Thursday Salute to Originals: Recycled Renaissance Costumes
The meaning of life is to find your gift. The purpose of life is to give it away. These words were spoken by William Shakespeare, and now artist Suzanne Jongmans embraces this ideology on a daily basis. She is a gifted artist that finds normal in an abnormal aesthetic!
Jongmans is an interdisciplinary artist that uses her skills to create garments from recycled materials such as styrofoam, plastic, and bubble wrap. The costumes are evocative of designs from the 15th, 16th, and 17th centuries. Jongmans’ inspiration is from the garments that her grandmother and mother assembled in the past. Her influences include the works of Rembrandt and Rogier van der Weyden.

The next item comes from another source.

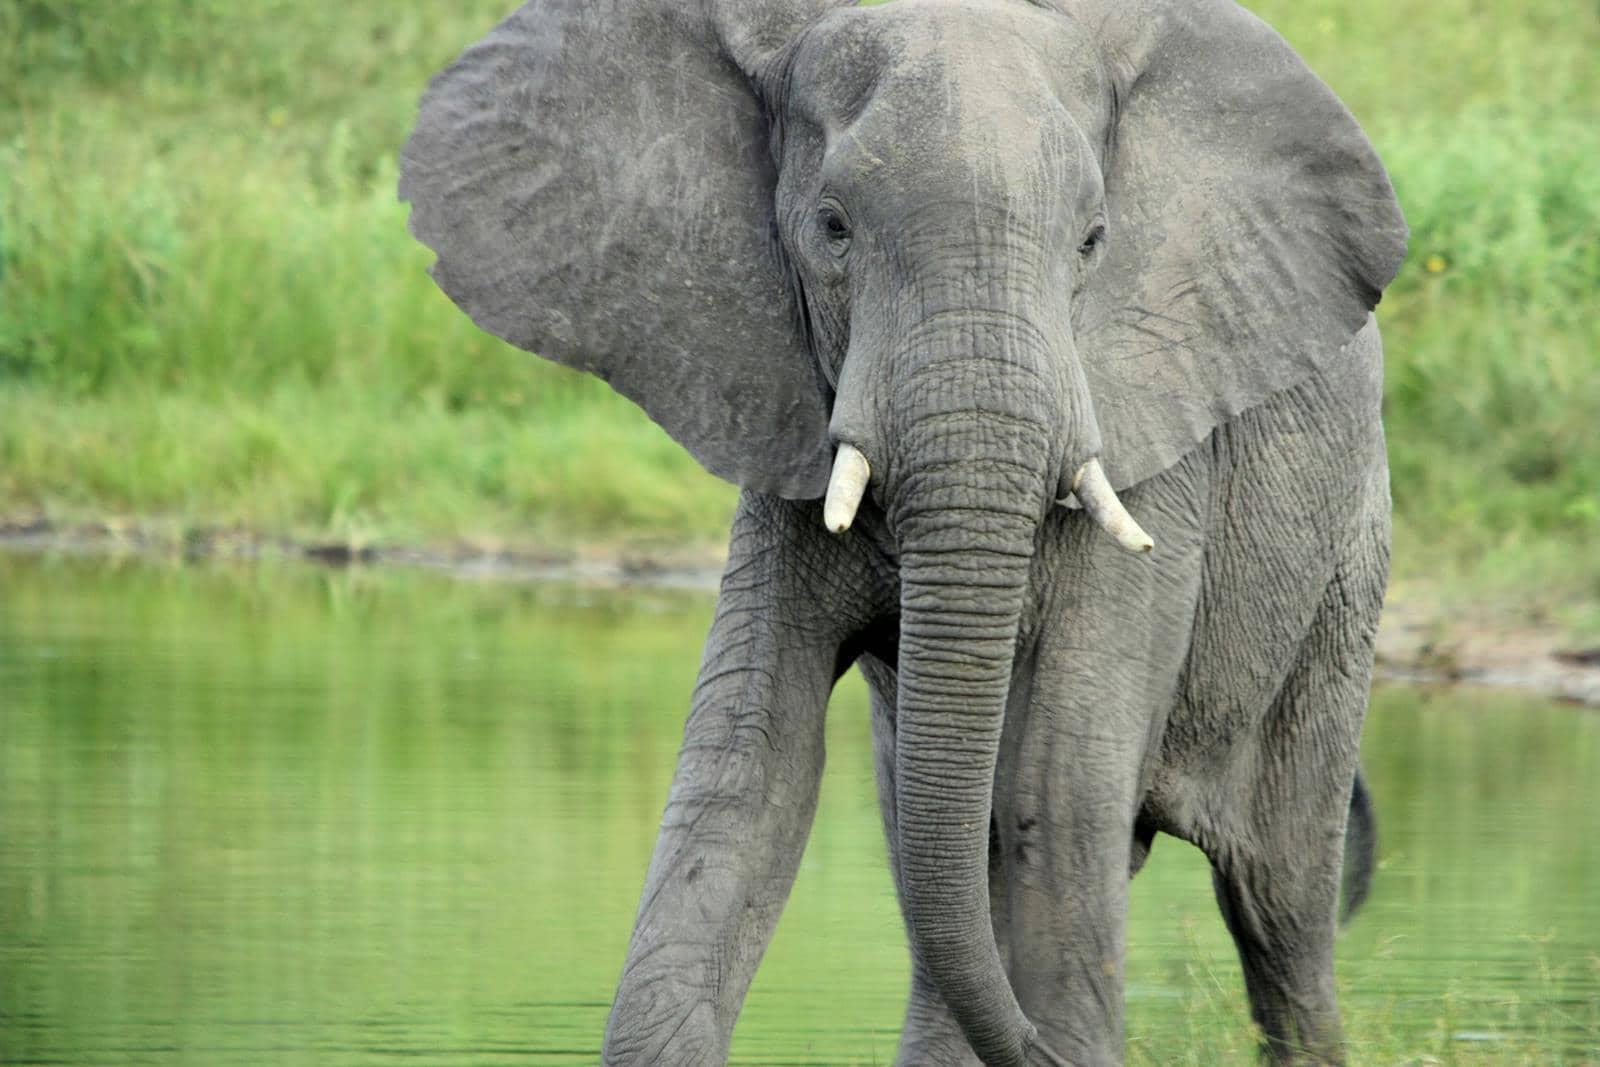 Elephant in the Bwabwata National Park, Namibia.

Jongmans accidentally manufactured this collection when she ran out of a fabric that she was using on a model’s costume. Working as a costume designer and incorporating her skills as a sculptor, Jongmans incorporated packing materials and molded the shape that she wanted for the photograph. As a photographer, Jongmans modifies the photograph into a flat surface. The artist believes that she “forms complex relationships between materials and tradition adding value to simple packaging whilst inviting viewers to touch her interpretation of old masters.” Her work is a substantial part of history that represents redemption in the future.
This Thursday, we salute Suzanne Jongmans and her sophisticated costumes. Her work is an affirmation about reproducing a new object from a vintage creation. This artist has the ability to bend what most people see as normal and ordinary into something that has a modern twist!